Sue has funneled her crafty instincts into pottery the last few years. She’s getting quite good. She’s made ceramic bears, trout, and sea turtles. There are brightly colored serving trays, decorative bowls, and even a jolly snowman, complete with twig arms and a top hat. None of these examples of a burgeoning talent are for me. I still get what is lumpy, what is lopsided, what is over-glazed and covered in paints that have dripped in the kiln.
“What does it mean?” I ask Aaron with each new offering. His answer is almost always a shrug; a refusal to read much into anything, ever. Which only further fuels my conviction that everything means something, always. “Is she subconsciously telling me I’m a reject? That I am not worthy of first tier gifts? That I am a second-hand person?”
Yet I do love the ugly pumpkins. They sit in my office, where I can marvel at their lumpiness, their blatant character. The purple bowl with the semen-esque glazing resides on my stove, ready to collect the dribs and drabs of greasy cooking. The lopsided vase has a predominant spot on a bookcase in my living room. The seashell encrusted planter…well, okay, that creature mysteriously disappeared in our last move. Confounding as I find it, most of Sue’s ugly little stepchildren have ended up with the right person.
Recently, the ugly pumpkins stopped coming. Instead, Aaron delivered me rustic mugs with quaint mountain motifs. “For her mountain girl,” he said. Next, he brought home an attractive bowl encircled by the forest green outline of fir trees. These weren’t rejects. These were personal. These were actual gifts!

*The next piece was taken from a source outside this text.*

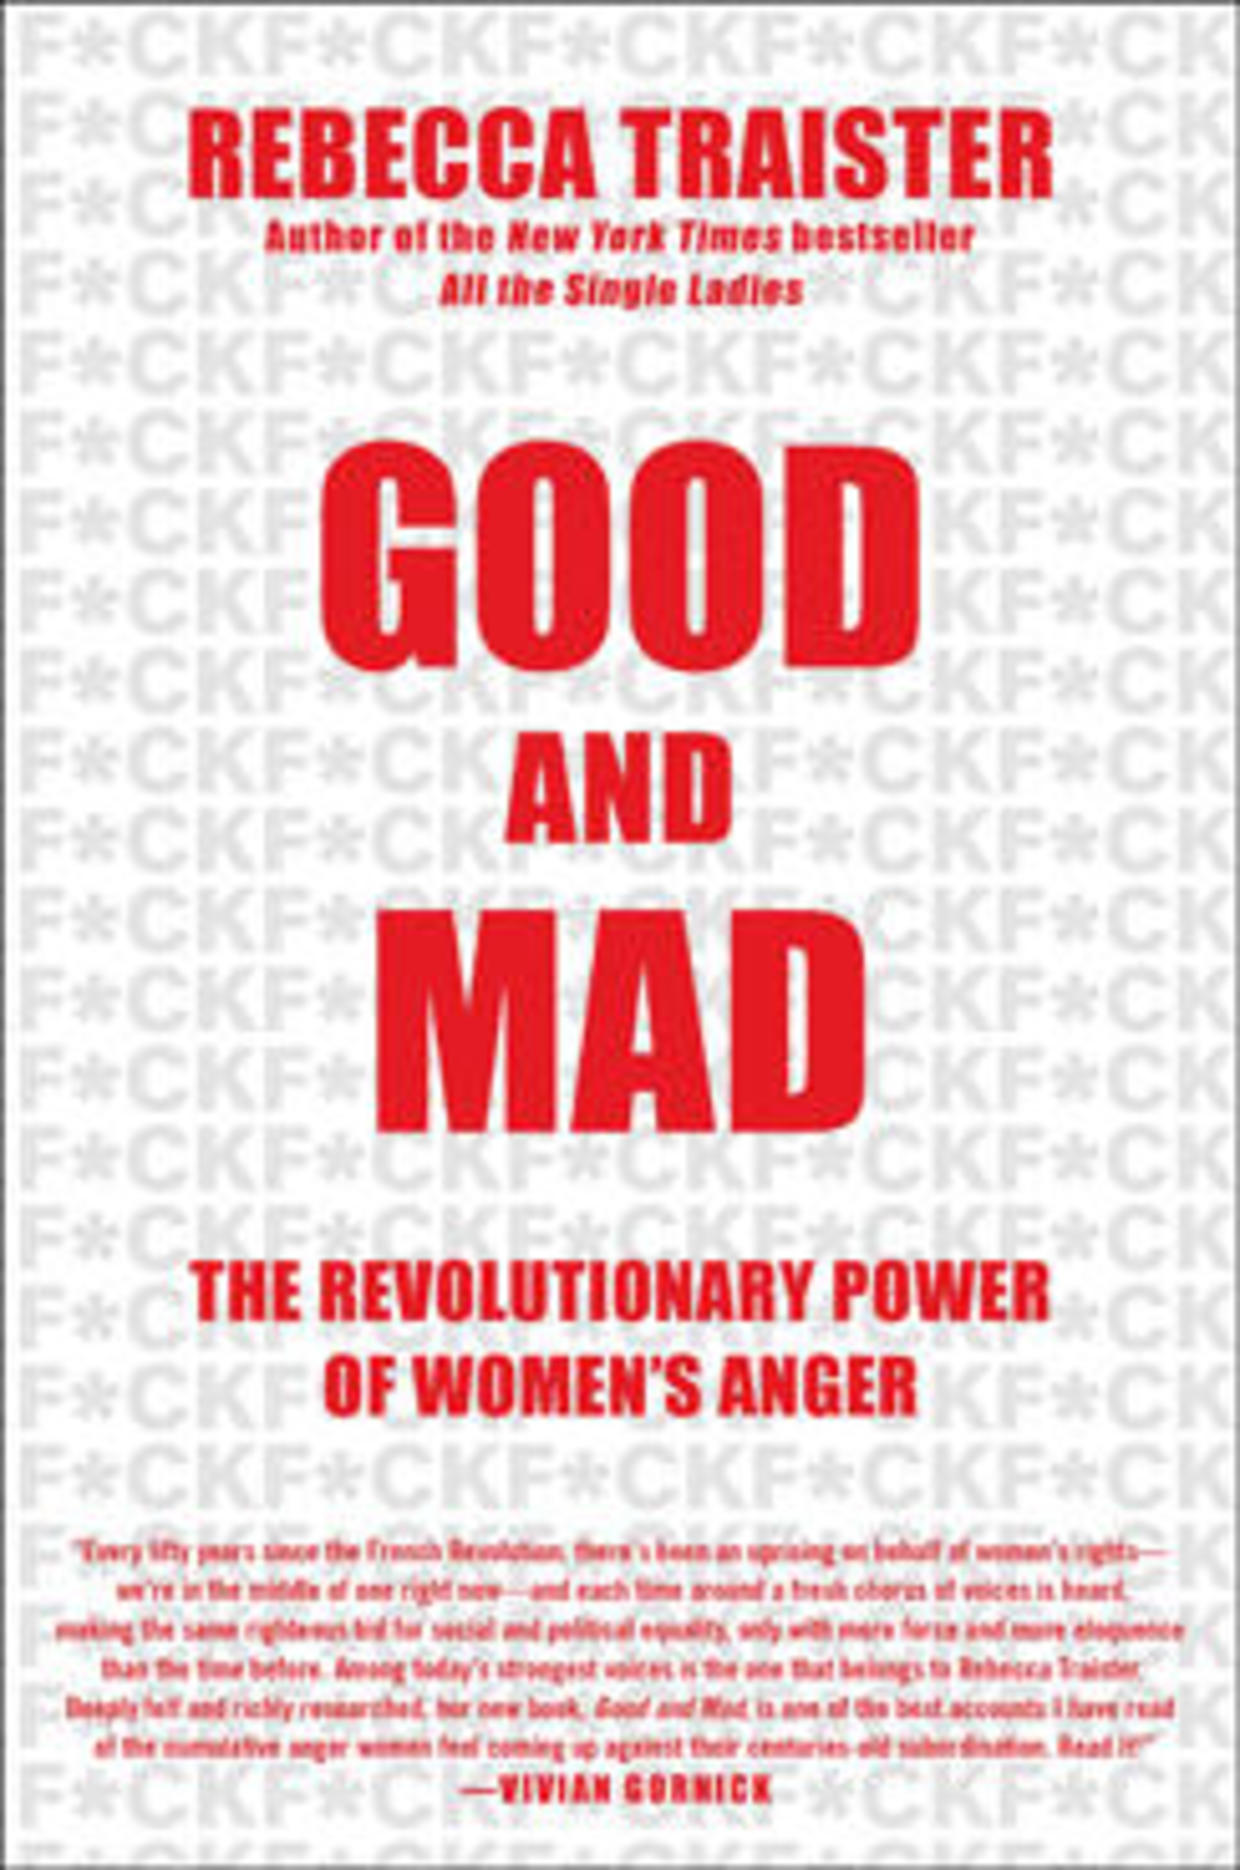 traister good and mad

At Christmas, Sue gave me her present last. “This was the best thing I made this year, and I made it just for you.” I unwrapped the large serving bowl, admiring the green trees, the shining sun, the cute tent in the center. “Thank you,” I said, hugging her, touched that finally, Sue’s best was for me.

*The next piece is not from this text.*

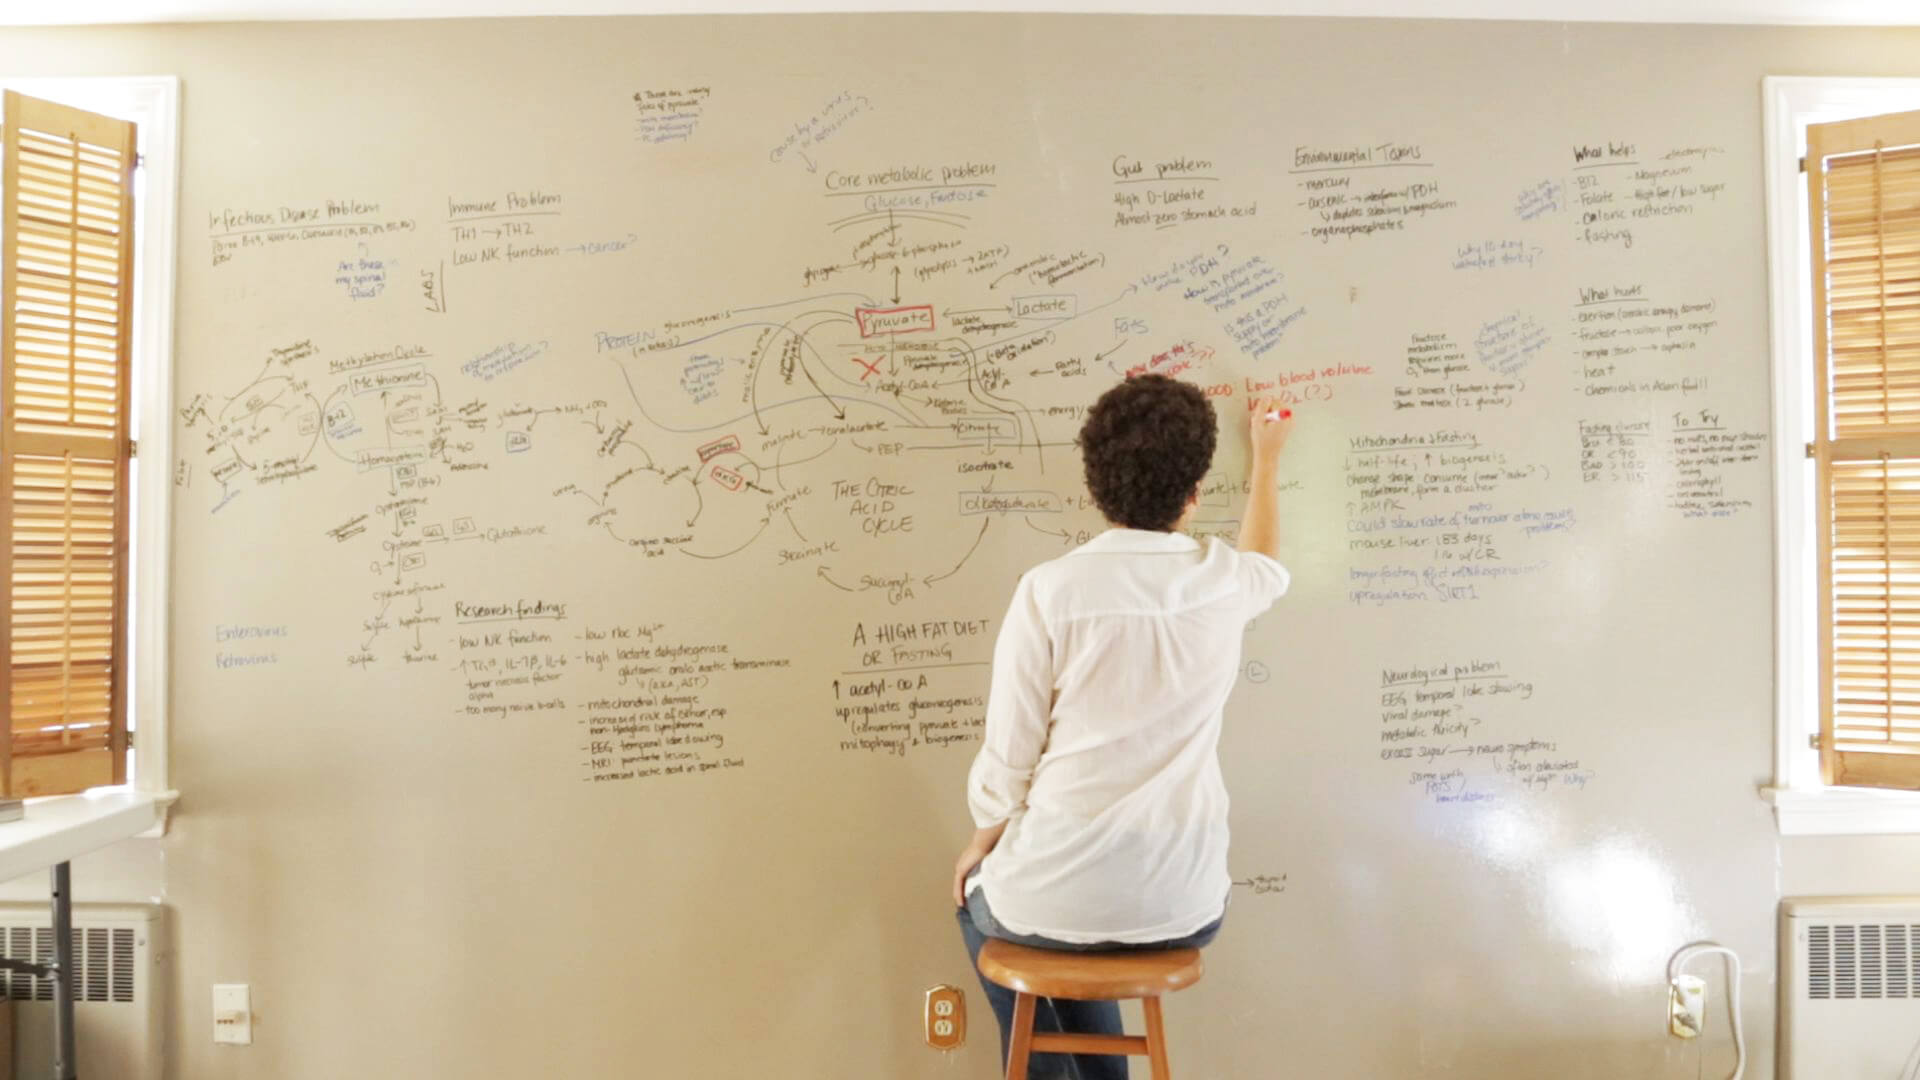 Still form Unrest. A woman sits on a stool facing a wall with a whiteboard full of writing.

The why, as always, is a mystery. I like to think that maybe the whole time Sue was practicing her pottery, working the clay, smoothing away the lumps and dents, carefully spinning out the fragile shapes of things yet unidentified, that she was also working at loving people, loving me, loving herself; each ugly pumpkin bringing her closer to her own capacities, her own limits, to all our flaws so beautiful and ugly, patiently kneaded and molded and painted and fired, until we can finally offer them to each other, the best and worst of ourselves, brilliantly colored and finely displayed; in every fragile shape found a version of love we can accept.